Healthy Pad Thai - Adapted from Cooking Light Magazine
-8 ounces flat rice noodles (pad thai noodles)
-2 tablespoons brown sugar
-2 tablespoons low-sodium soy sauce
-1 1/2 tablespoons fish sauce (located next to soy sauces)
-1 1/2 tablespoons fresh lime juice
-1 tablespoon Sriracha or chili hot sauce
-2 tabelspoons canola oil
-1 cup chopped scallions (chop the green parts into 2 inch pieces)
-5 garlic cloves, minced
-2 cups chopped cabbage
-1/4 cup chopped salted peanuts
-2 tablespoons thinly sliced fresh basil
- 1 package firm tofu **** CHECK BELOW FOR TOFU DIRECTIONS****

-Cook noodles according to package and drain
-While noodles are cooking, mix the sugar, soy sauce, fish sauce, lime juice and hot sauce in a little bowl.

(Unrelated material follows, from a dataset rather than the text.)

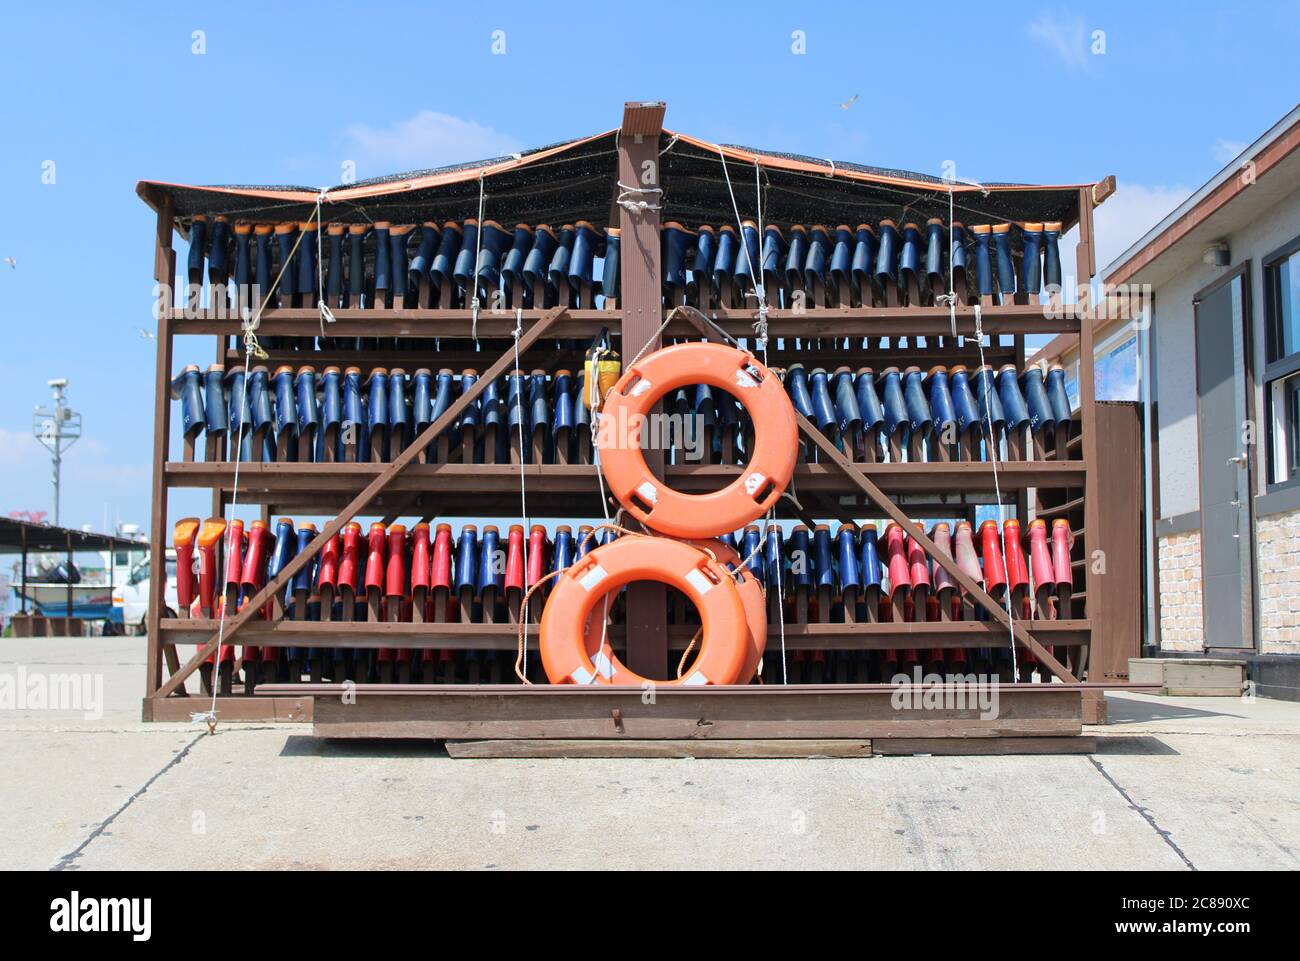 Rubber boot rental shack with bright orange lifesavers, near a clam digging area Stock Photo

- Heat a large skillet or wok over medium high heat and add 1 tablespoon oil to pan.
- Add cabbage and a little salt. Cook for a couple minutes until getting soft.
- Add scallions and garlic and golden tofu triangles (SEE RECIPE BELOW) and mix together
-Add cooked noodles and combine with sauce. Stir for about 1 minute until combined.
- Portion out noodles on plates and sprinkle with peanuts and basil.

**Healthy Golden Tofu Triangles** - makes 3-4 servings
*Use Firm Tofu*
- Slice the block of tofu in half length wise and wrap in paper towels or dish towels. Place a stack of heavy books or a pot on this and let tofu drain out water for at least 20 minutes.
-Spray a frying pan with Pam and put over high heat.
-Cut tofu into triangles and put in pam (once drained).
-Cook on each side for about 3-4 minutes (or until lightly golden on each side.)
-Take off pan and mix in with pad thai as outlined above (or use in any other recipe!)